[Data Boundary: Start]

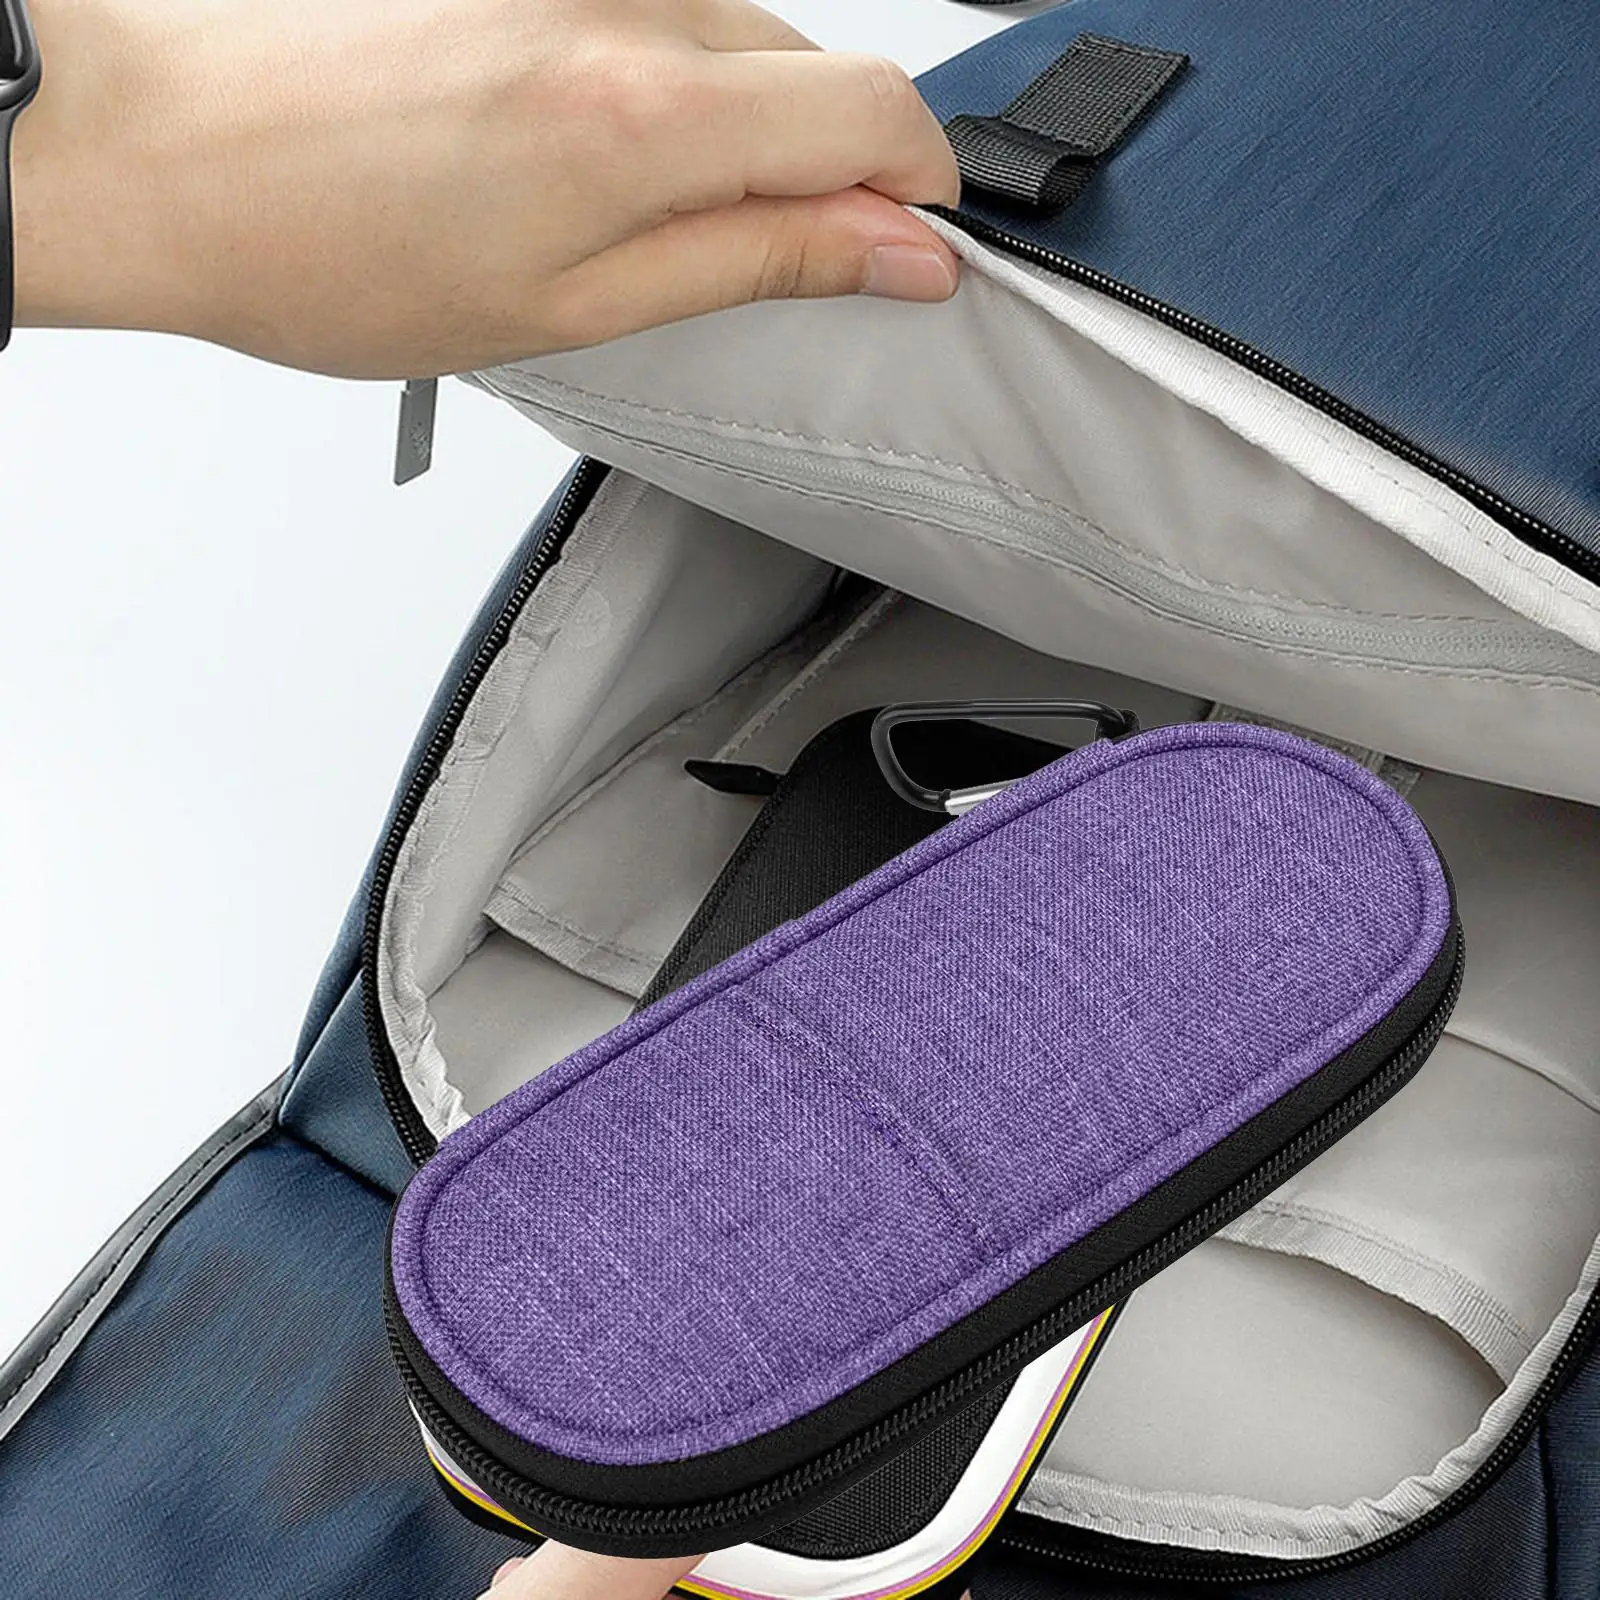 Cooler Travel Case Mini Ice Pack Cooler Pocket Convenient Carrying Bag
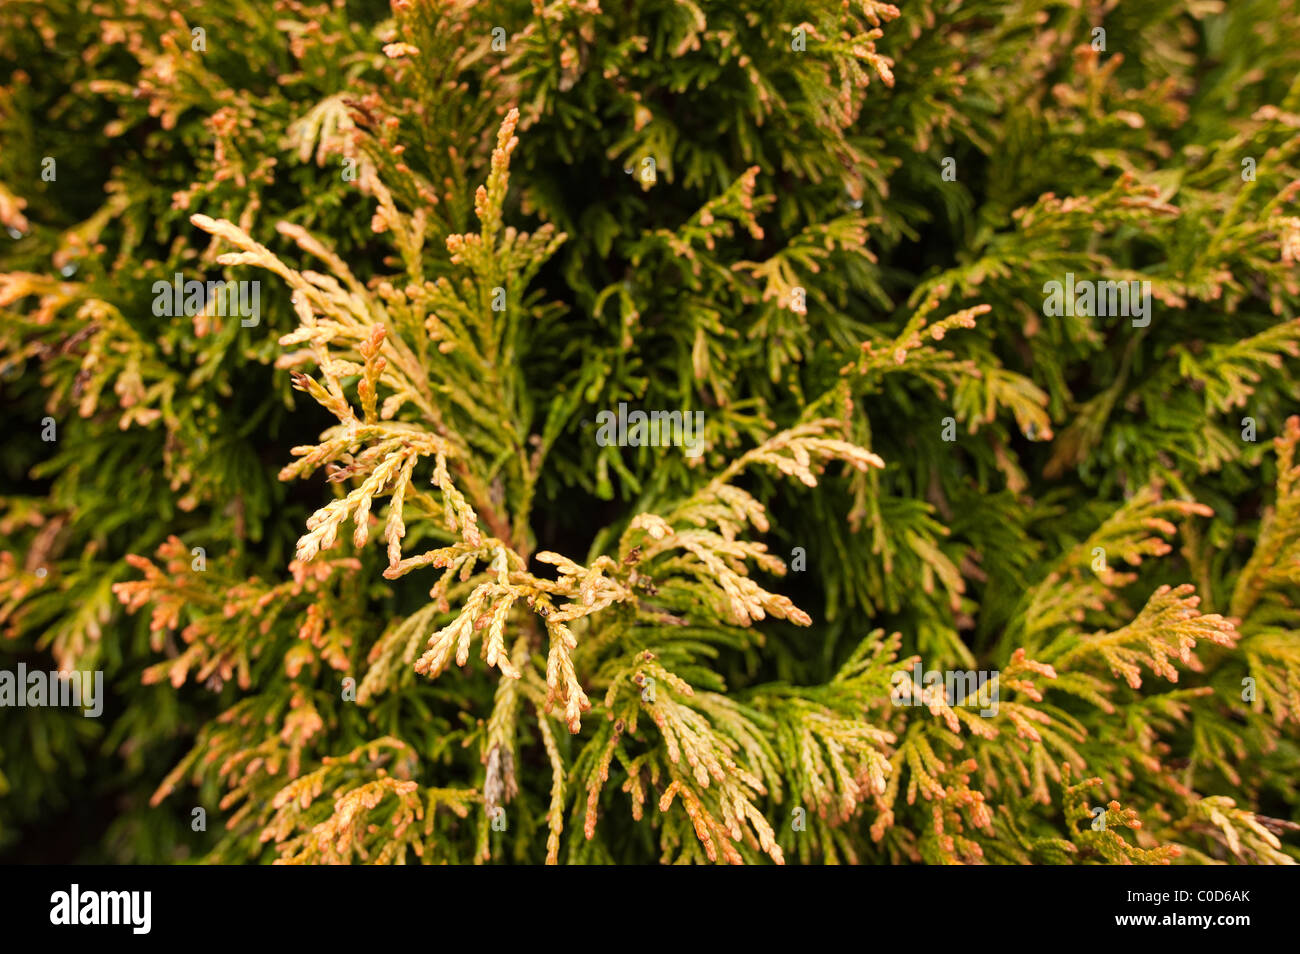 Golden Globe conifer Stock Photo
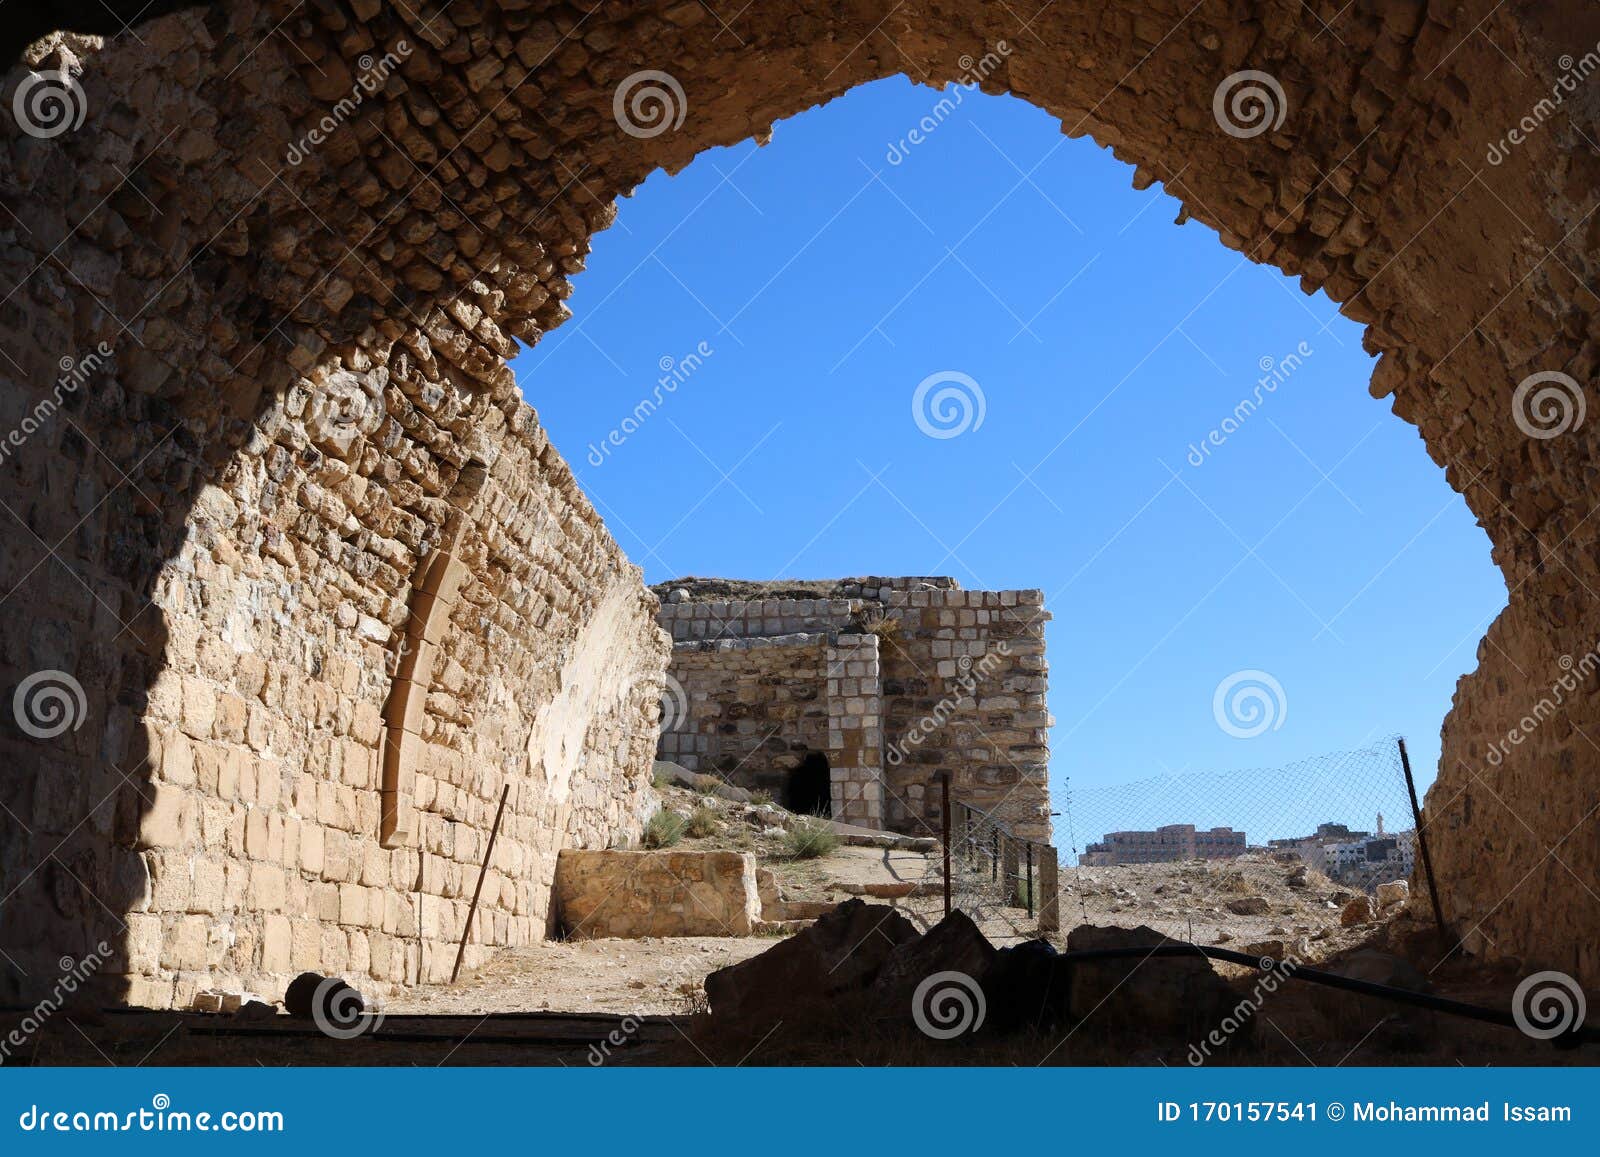 Al Karak Castle in the South of Jordan Stock Image Image of heritage, architectural:

[Data Boundary: End]

**Task prompt**
The pictures are not wanted, but every line of the listing should be duplicated exactly.

**Exercise output**
 Cooler Travel Case Mini Ice Pack Cooler Pocket Convenient Carrying Bag
 Golden Globe conifer Stock Photo
 Al Karak Castle in the South of Jordan Stock Image Image of heritage, architectural:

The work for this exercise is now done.